This ADR pulls forward the **internal infrastructure** to emit
and read UNIQUE constraints — `schema_to_ddl` gains UNIQUE-
column-clause emission; `read_schema` gains UNIQUE detection
via `pragma_index_list` + `pragma_index_info`; `ReadColumn`
gains a `unique: bool` field. The **user-facing constraint
surface** (declaring UNIQUE in `with pk … unique …` or via
`add unique`, dropping UNIQUE, naming UNIQUE constraints) is
not in scope here and remains C3-track work.
### 5. INSERT-path changes
For non-PK `serial` columns, when the column is omitted from
an INSERT (the existing skip-list at db.rs:3111 already covers
serial and shortid identically), the executor:
1. Queries `SELECT COALESCE(MAX(col), 0) + 1 FROM T` inside the
same transaction.
2. Binds the result as the column's value.
The MAX-based seeding mirrors SQLite's rowid behaviour: gaps
left by user-supplied explicit values are jumped over (the next
auto-fill is `MAX + 1`, not "the smallest available integer").
Worker-thread serialisation (ADR-0010) prevents the classic
read-modify-write race; the pattern is safe for our single-
writer model.
### 6. `add_column` changes
`do_add_column` lifts its blanket serial refusal (db.rs:1374).
The new behaviour is determined by the source table's state:
- **`add column T: x (serial)` on an empty table**: emit
`ALTER TABLE T ADD COLUMN x INTEGER UNIQUE`. Every table has
a PK by construction (the parser refuses `create table`
without `with pk`), so the "no PK" branch doesn't arise —
the new column joins as a non-PK serial.
- **`add column T: x (serial)` on a non-empty table**: route
through the rebuild-table primitive (ADR-0013). Create new
table with `x INTEGER UNIQUE`. Copy rows, filling `x` with
values 1..N in declaration order. Emit a `[client-side]` note
(§7).
- **`add column T: x (shortid)` on a non-empty table**: route
through the rebuild-table primitive. Create new table with
`x TEXT UNIQUE`. Copy rows, generating a fresh shortid for
each (collision-retried per §3). Emit a `[client-side]` note.

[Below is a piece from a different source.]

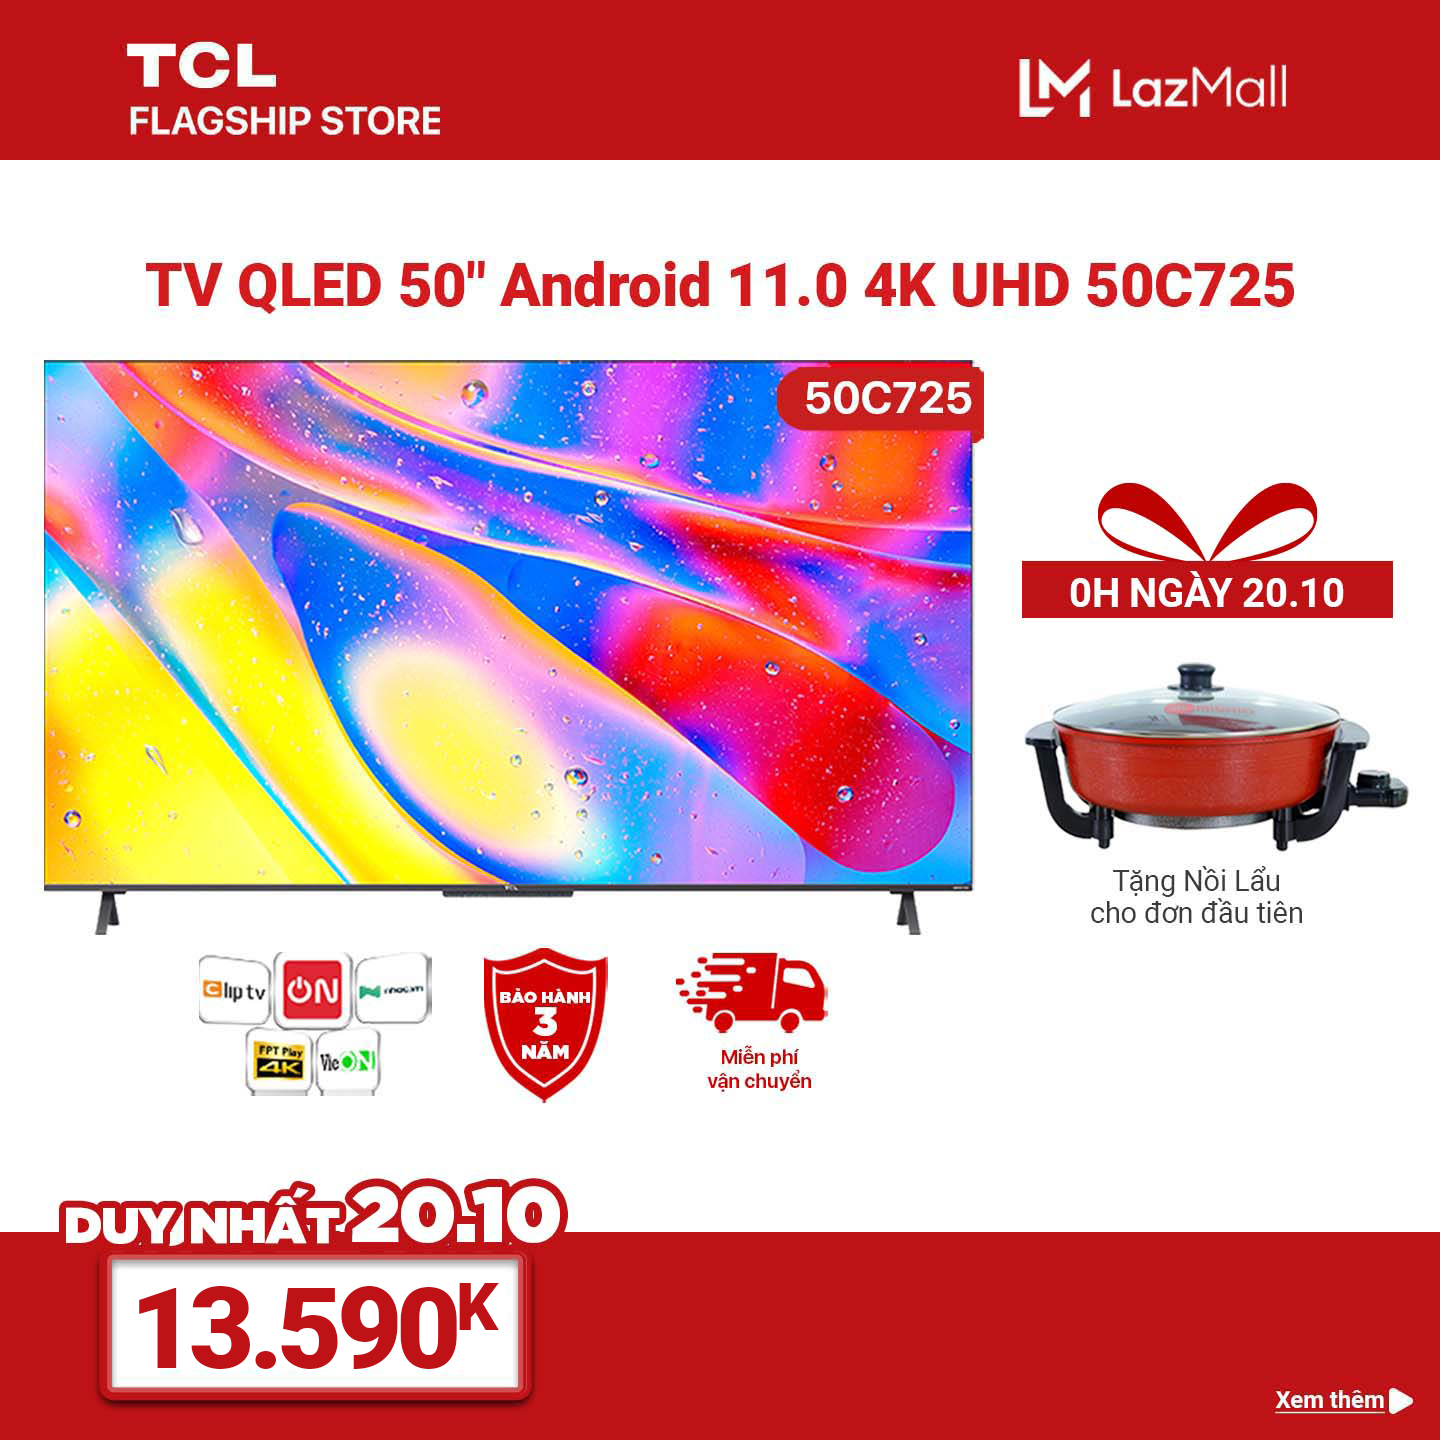 TV QLED 50” 4K Android 11 Tivi TCL 50C725 – Gam Màu Rộng , HDR 10+, MEMC , Dolby Audio – Bảo Hành 3 Năm , trả góp 0%

The empty-table path can stay on `ALTER TABLE ADD COLUMN` for
efficiency; the non-empty path needs the rebuild because we
need to populate the new column atomically with table
creation.
### 7. `change column` to `serial` / `shortid`
`change column T: x (serial)` from any matrix-permitted source
type (today: `int`; future expansions follow the same rule):
1. Run the per-cell dry-run (ADR-0017 §2). For non-null cells,
classify via the transformer matrix: source must produce an
integer (the existing serial pre-condition).
2. Refuse if existing non-null values have duplicates
(uniqueness collision, ADR-0017 §4.3).
3. Auto-fill any null cells with sequential values continuing
from `MAX(non-null values) + 1` (or starting at 1 if none).
4. Refuse if the auto-fill would itself produce a collision —
in practice, this can only happen if the user supplied
non-null values that already overlap the would-be sequence
(e.g., existing values [1, 2, 5] with two nulls — fill would
be 6 and 7, no collision; existing values [1, 2, 6] with
nulls — fill would be 3 and 4, no collision; the sequence
uses MAX+1, not gap-filling, so this case doesn't actually
arise — but state the rule defensively).
5. Rebuild the table with the new column type plus UNIQUE (per
§4) plus the transformed + auto-filled values.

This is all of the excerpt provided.